Exploring Metal Music Through Active Imagination Techniques

Active Imagination is one of the pillars of Jungian therapy[1] , and simply consists in engaging with the symbols of the mind in a way that allows us to contemplate them or even engage with them. Outside the stale therapeutic environment of clinical psychologists, we can discover emotions, situations and characters inside of our minds (and presumably in the collective mind) by using the same technique in a slightly more unhinged and less sanitizing direction. We can use the musical, lyrical and visual contents of metal albums which are more often than not intended to be mythical, and are thus a great source for archetypal projections.

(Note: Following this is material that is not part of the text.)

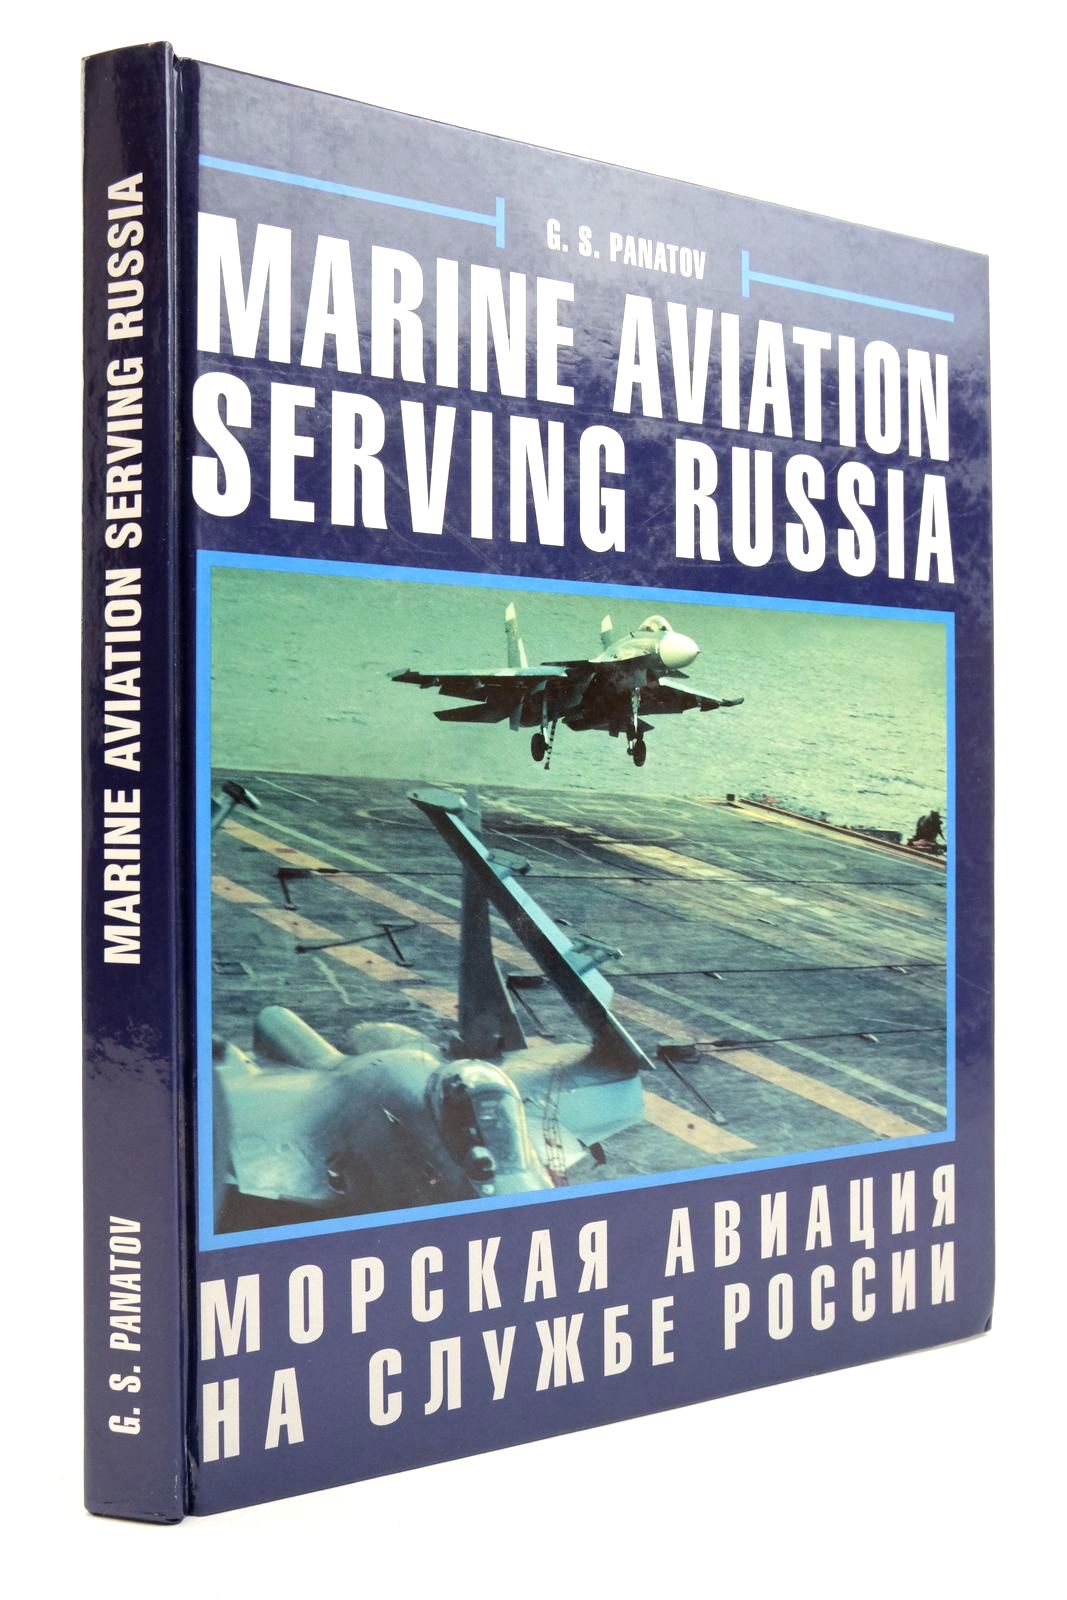 Photo of MARINE AVIATION SERVING RUSSIA written by Panatov, G.S. (STOCK CODE: 2138659)  for sale by Stella & Rose's Books

Several distinct approaches can be taken when we attempt to engage metal albums in an exercise of Active Imagination. We may either focus on the music, the cover art or the words written for each song. Or we may decide to involve any combination of these at the same time or in sequence. In any of the modalities, we recommend reducing all unnecessary sensory input. If we wished to concentrate solely on the music (having seen the artwork before but not concentrating on it), we could use headphones with some manner of isolation, and cover our eyes to prevent light stimuli from distracting us.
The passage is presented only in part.